Material provided:
__________

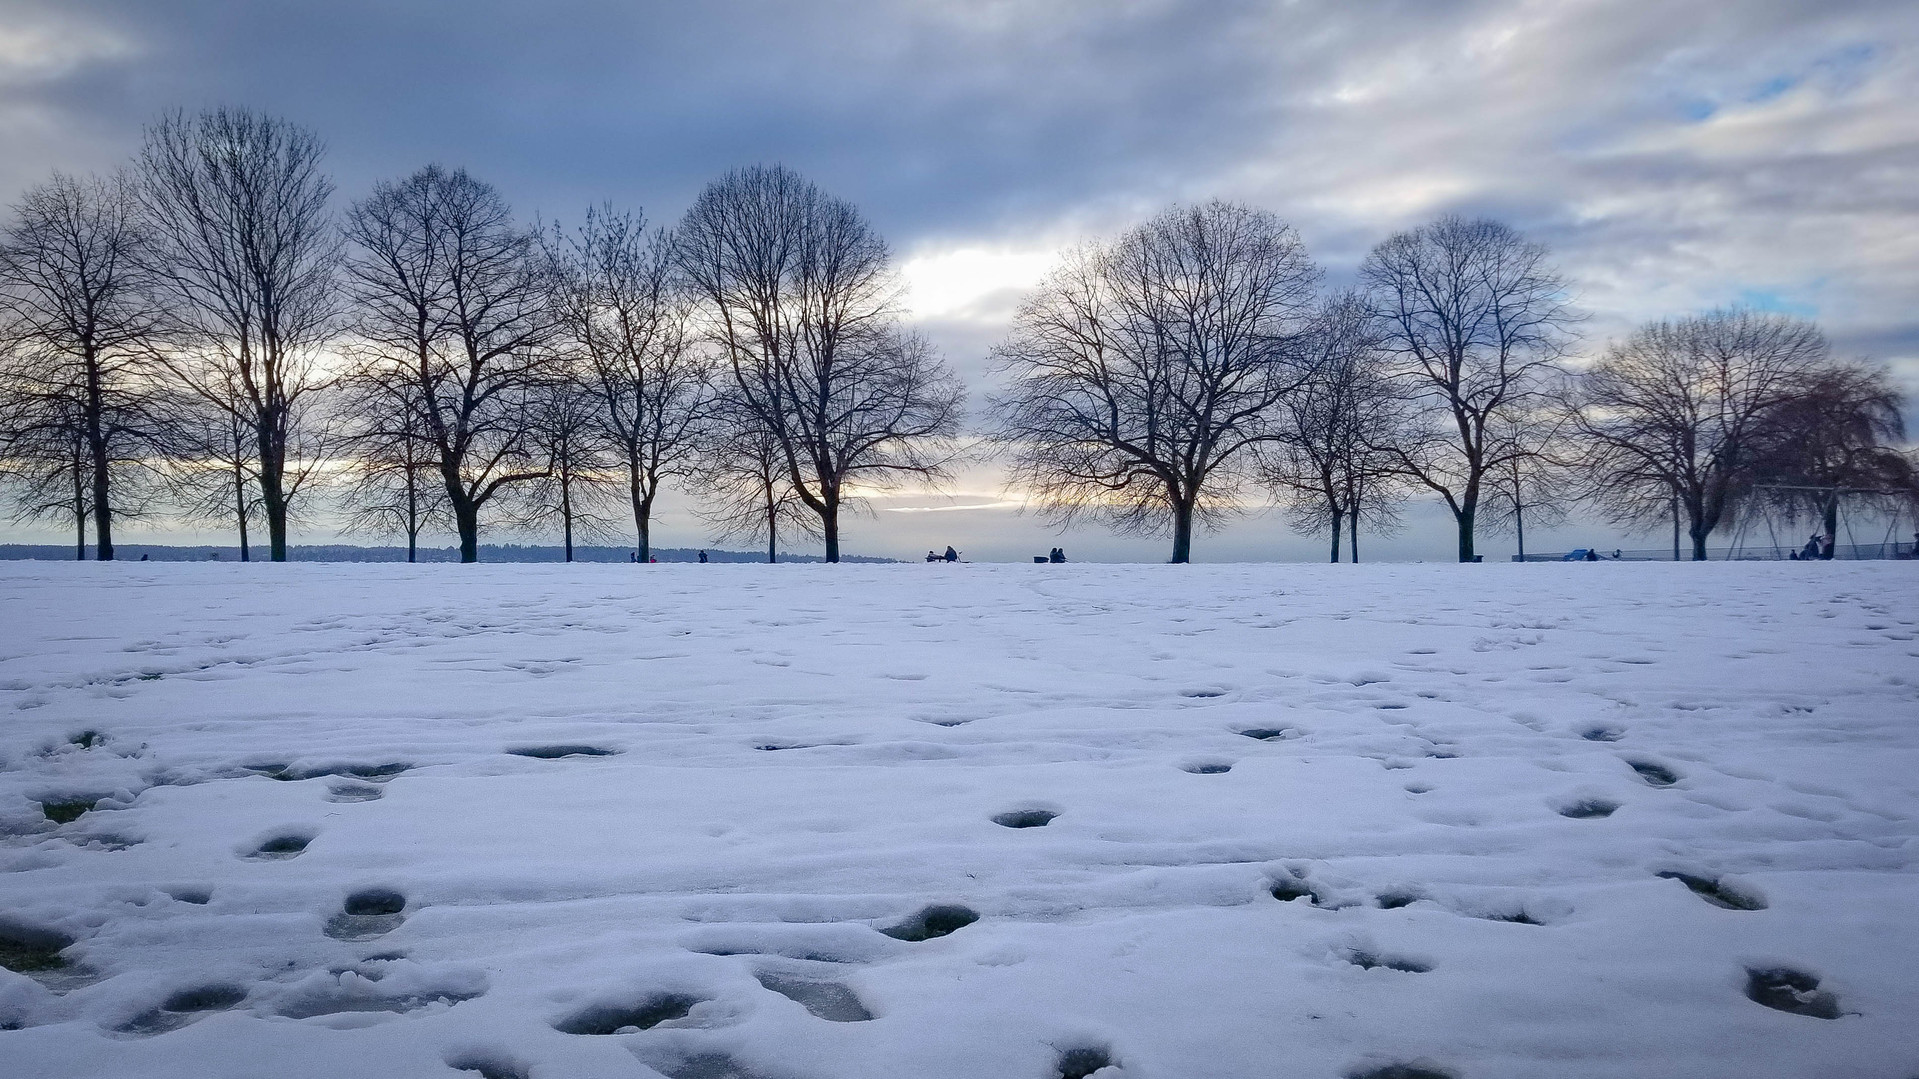 Snowy Beaches
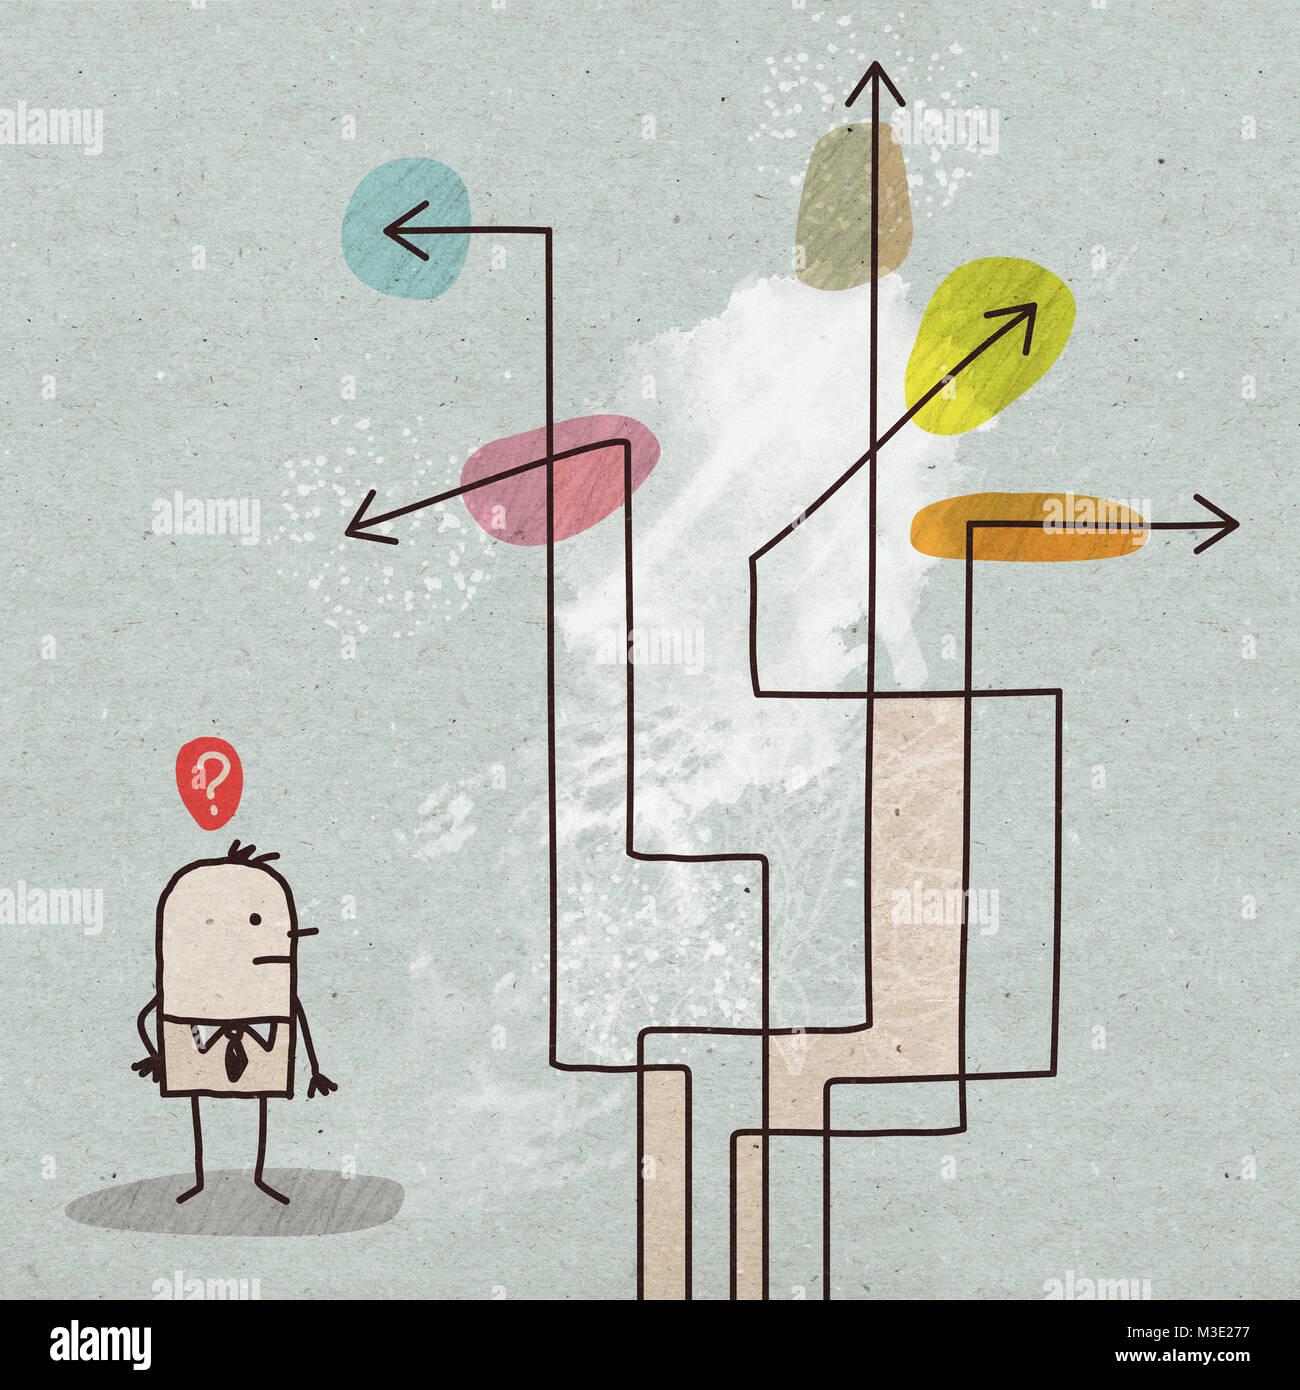 Cartoon Businessman Choosing a Direction - Stock Image
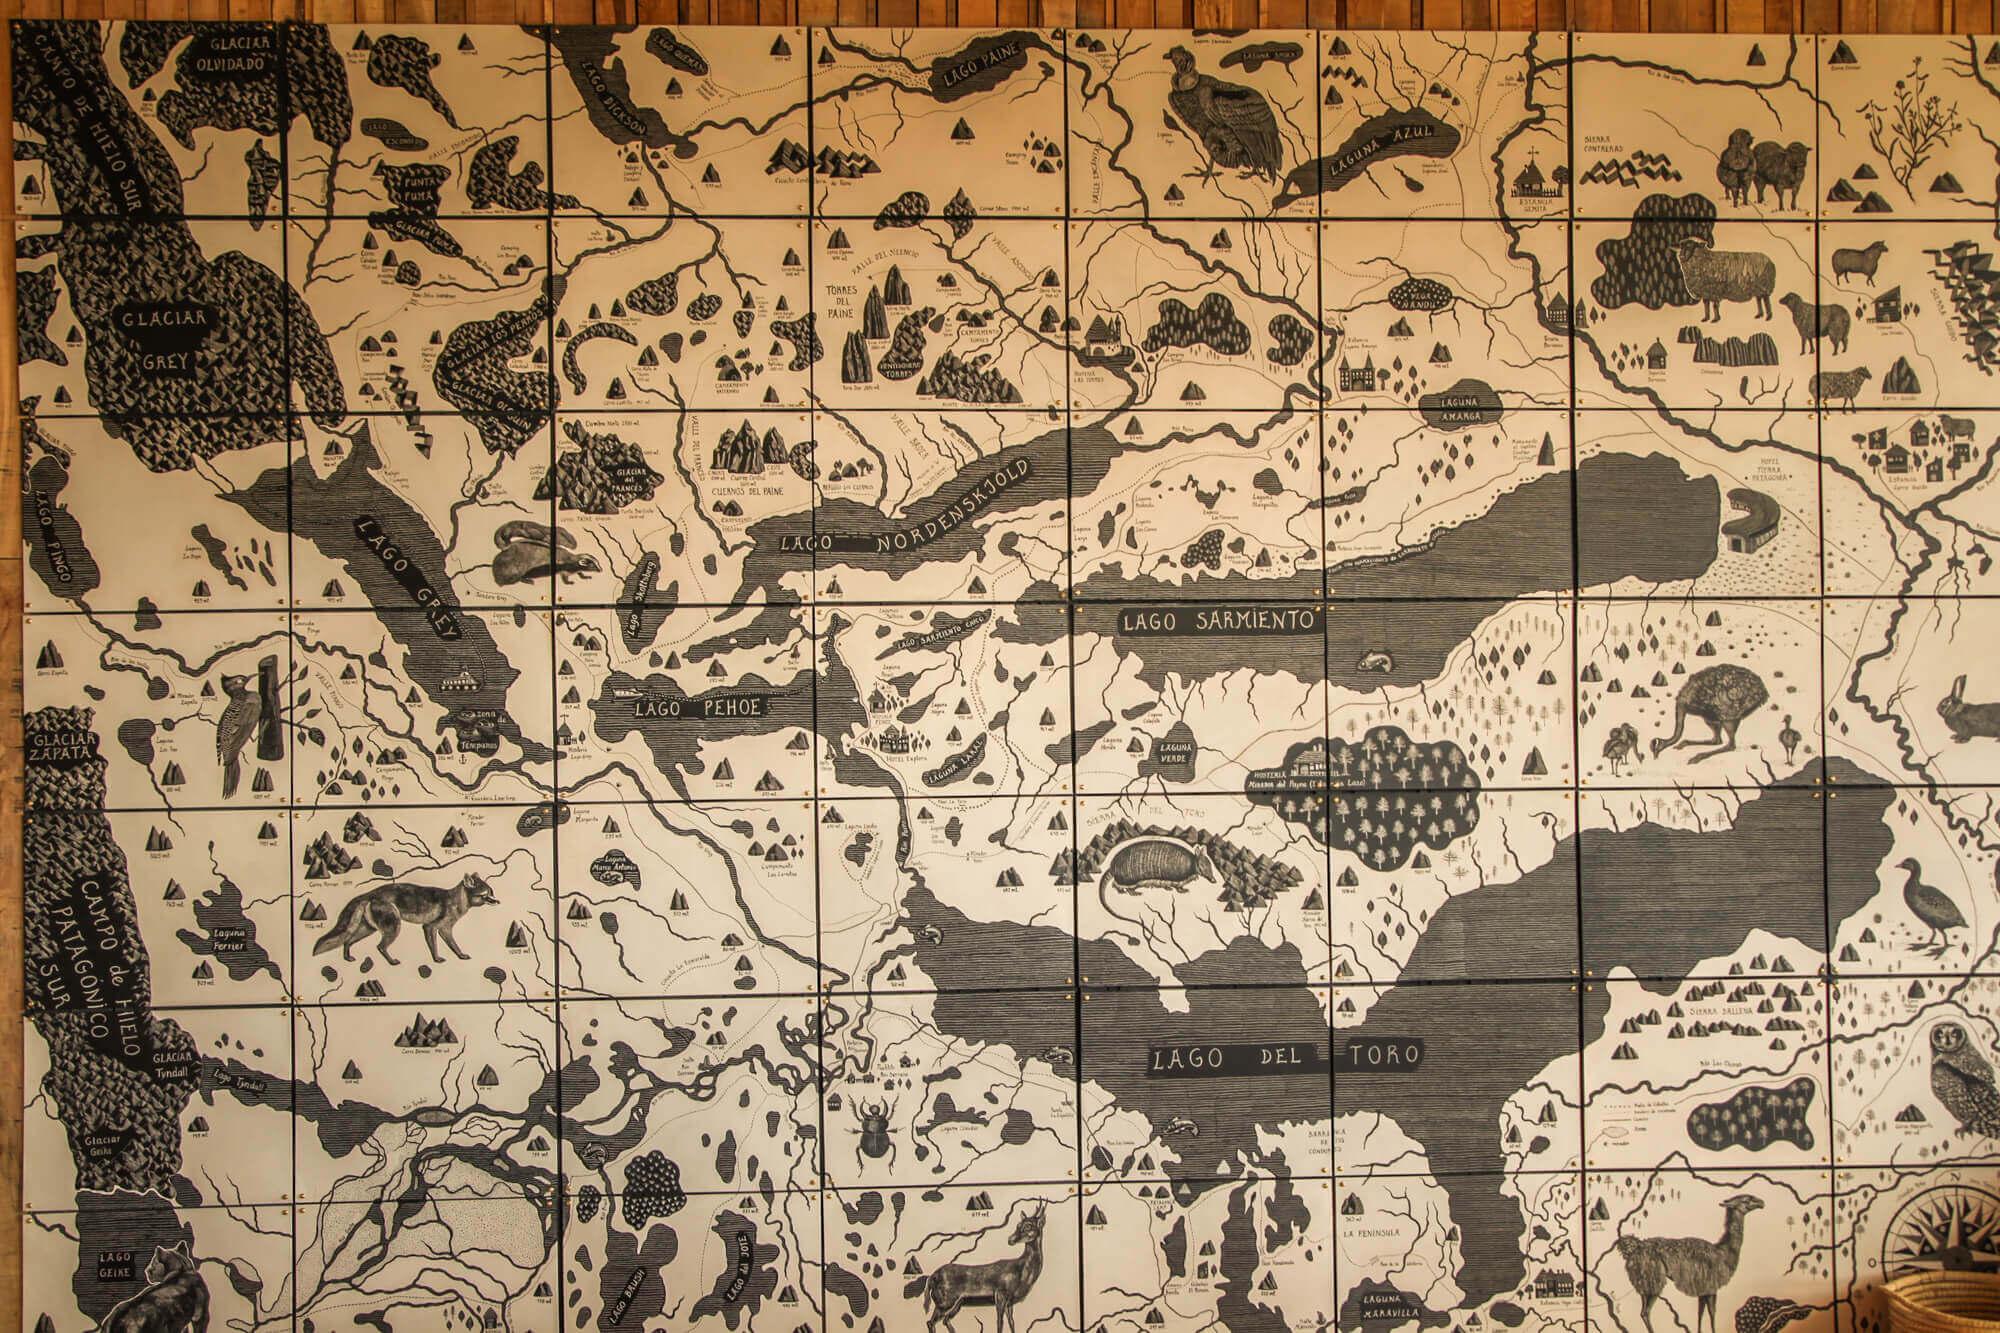 Tierra Patagonia Adventure Map

__________

Assignment: Please write out the entire listing above exactly, but leave the pictures out.

Response to this exercise:
 Snowy Beaches
 Cartoon Businessman Choosing a Direction - Stock Image
 Tierra Patagonia Adventure Map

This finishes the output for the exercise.